Notes — Jake Knapp and John Zeratsky on the Foundation Sprint, Differentiation, and Finding What Clicks
Four questions [Adler frame]
Q1 — What is it about? A structured 10-hour, 2-day methodology (the Foundation Sprint) for startup and product teams to produce a Founding Hypothesis before writing any code. Three sequential phases: Basics (who is the customer, what is the problem, who are the competitors, what are the workarounds, what are the team’s advantages), Differentiation (a 2x2 “Loserville” diagram identifying two defensible differentiators), and Approach (magic lenses comparing implementation paths). The output is a single Mad Libs sentence encoding the whole hypothesis. The Foundation Sprint precedes the Design Sprint, which tests the hypothesis via weekly prototype-and-customer-interview cycles.

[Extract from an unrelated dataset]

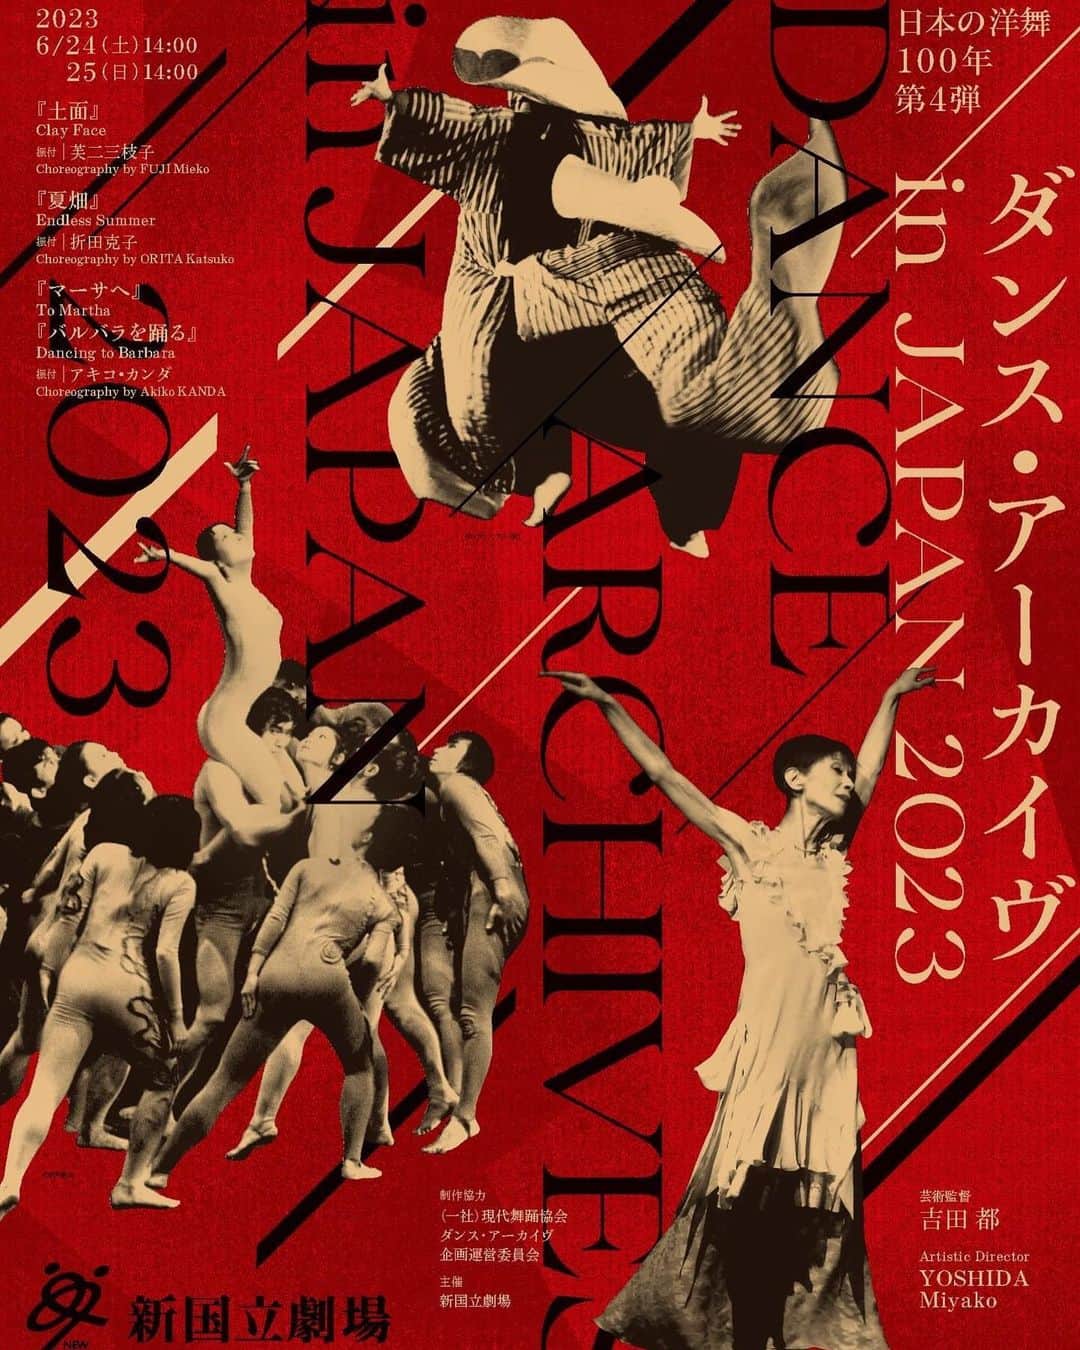 冨岡瑞希のインスタグラム：「6/24.25  ダンス・アーカイヴ in JAPAN 2023  私は、アキコカンダさんの作品「マーサへ」に出演させていただきます🪽 このような公演に出演させていただけること、ものすごく光栄で、 たくさんのことを吸収できたらなと思っています！  他の作品もダンスアーカイヴならではの作品が盛りだくさんです✨  お時間ありましたら、ぜひ皆様お越しください😊  ------------------------------------  「ダンス・アーカイヴ in JAPAN 2023」 新国立劇場　中劇場  『土面』（1972年初演） 【振付】芙二三枝子 【音楽】三木 稔、松村禎三　ほか 【出演】高瀬譜希子、中川 賢　ほか  『夏畑』（1983年初演） 【振付】折田克子 【音楽】マラン・ゴゾフ 【出演】平山素子、島地保武  『マーサへ』 より　三章「運命の道」（2002年初演） 【振付】アキコ・カンダ 【音楽】フレデリック・ショパン 【出演】折原美樹　ほか  『バルバラを踊る』 より（1980年初演） 【振付】アキコ・カンダ 【音楽】バルバラ 【出演】中村恩恵  ＜公演日程＞ 6月24日(土)14:00 / 25(日)14:00 全2公演  ＜チケット料金＞ S席6,600円 A席4,400円  https://www.nntt.jac.go.jp/dance/dancearchive/」
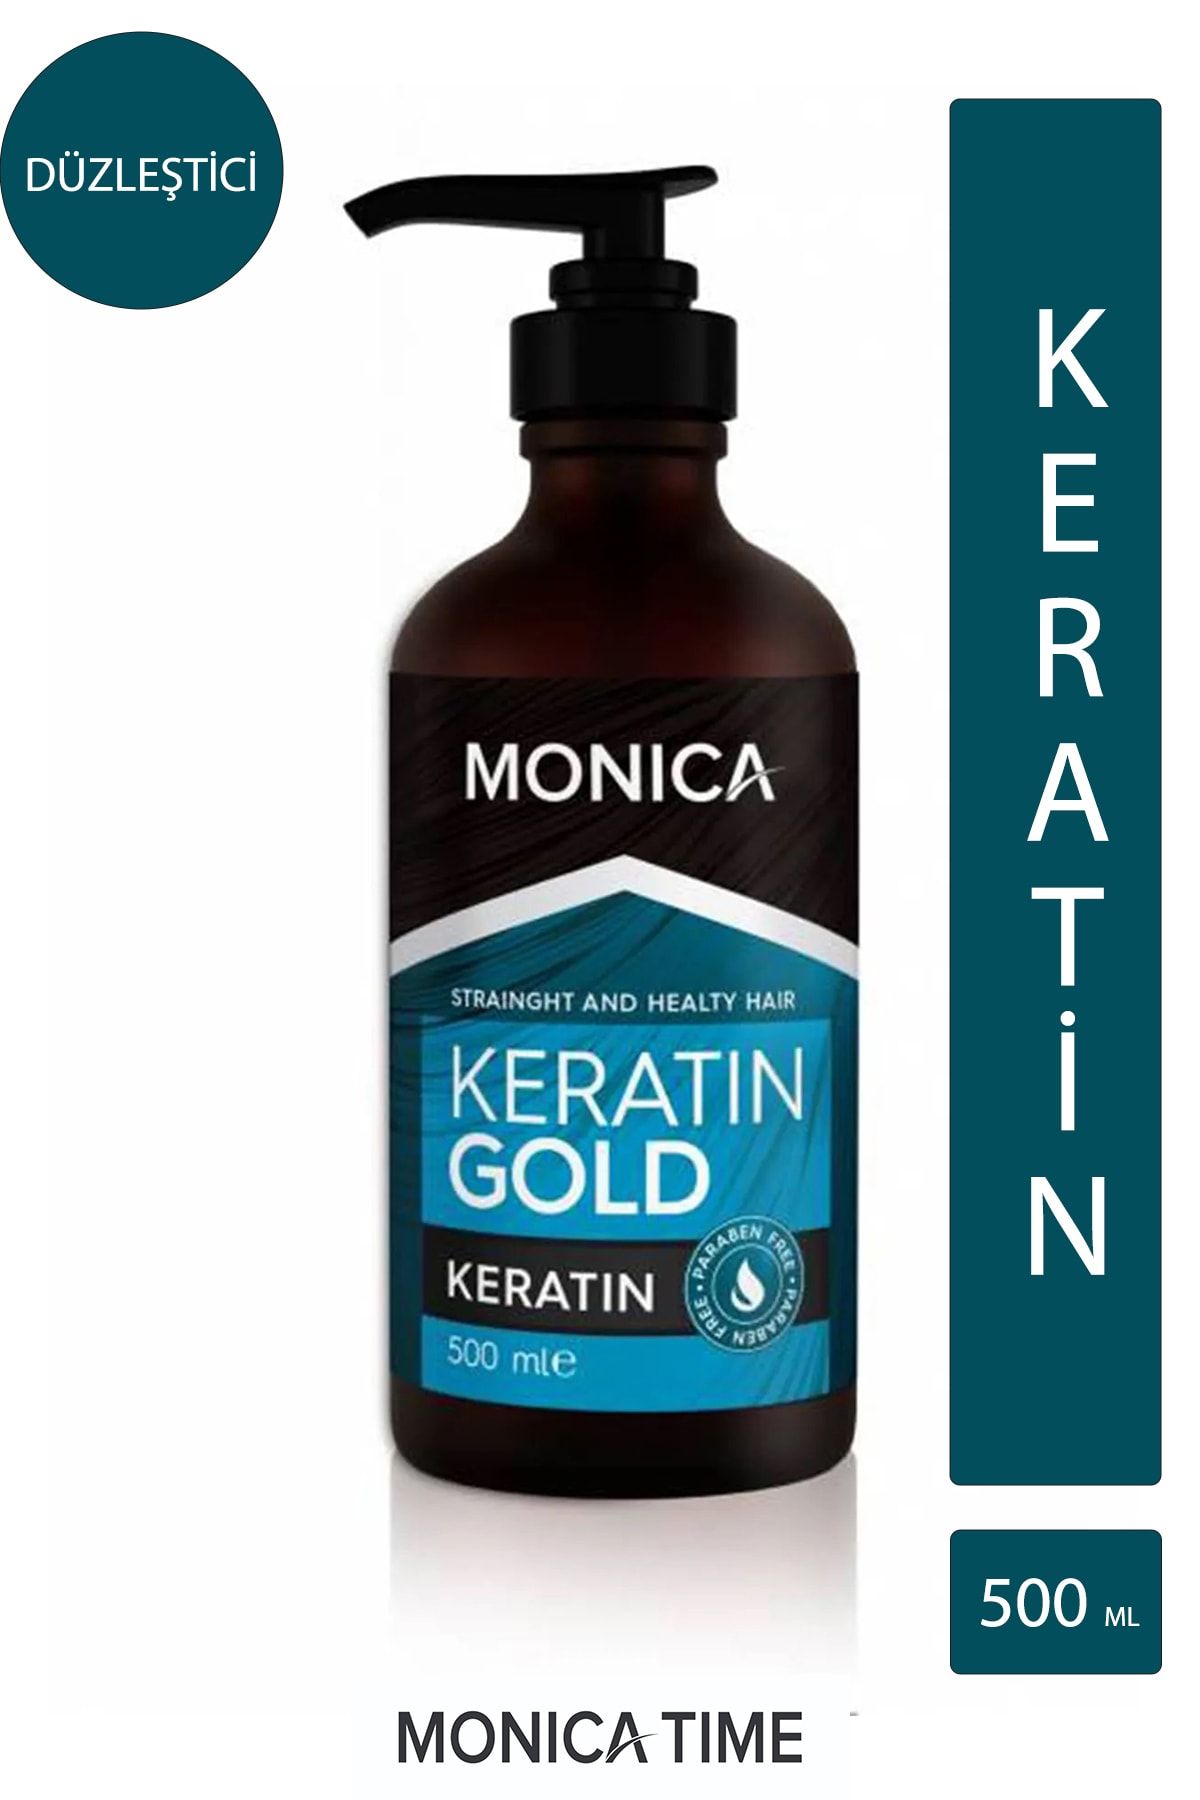 Monica Keratin Gold Monicatime Keratin Gold - Keratin Saç Düzleştirici 500 ml

Q2 — How is it argued? Practitioner inference from hundreds of sprints — first at Google Ventures, now at Character Capital’s Character Labs programme. Jake Knapp traces the methodology’s origin to a Stockholm week in 2009 when he cleared his calendar to build the prototype that became Google Meet. JZ argues the Foundation Sprint was created because Design Sprints run with inception-stage startups kept surfacing the same unfilled gap: no alignment on basics. Case studies (Latchit/Lyric, Mellow, Axion Orbital) show scorecards evolving from all-red → mostly-yellow → all-green over three consecutive weekly sprints. The AI-generic-prototype observation is new and compelling: models trained on existing products generate undifferentiated output, so AI-accelerated building makes the Foundation Sprint more valuable, not less.
Q3 — Is it true? High plausibility. The “three co-founders, three answers” observation matches widespread experience. The Loserville 2x2 argument — that most competitive analysis decks fail because they’re investor-audience, not customer-audience, and unproven — is well-reasoned. The “all-green scorecard” case studies are real but self-selected; Character Labs is a controlled environment with intensive support. The 3–4x acceleration claim (“three to four months of work in three to four weeks”) is founder-reported, not measured. The AI-generic-prototype trap [?] is plausible but not yet systematically quantified.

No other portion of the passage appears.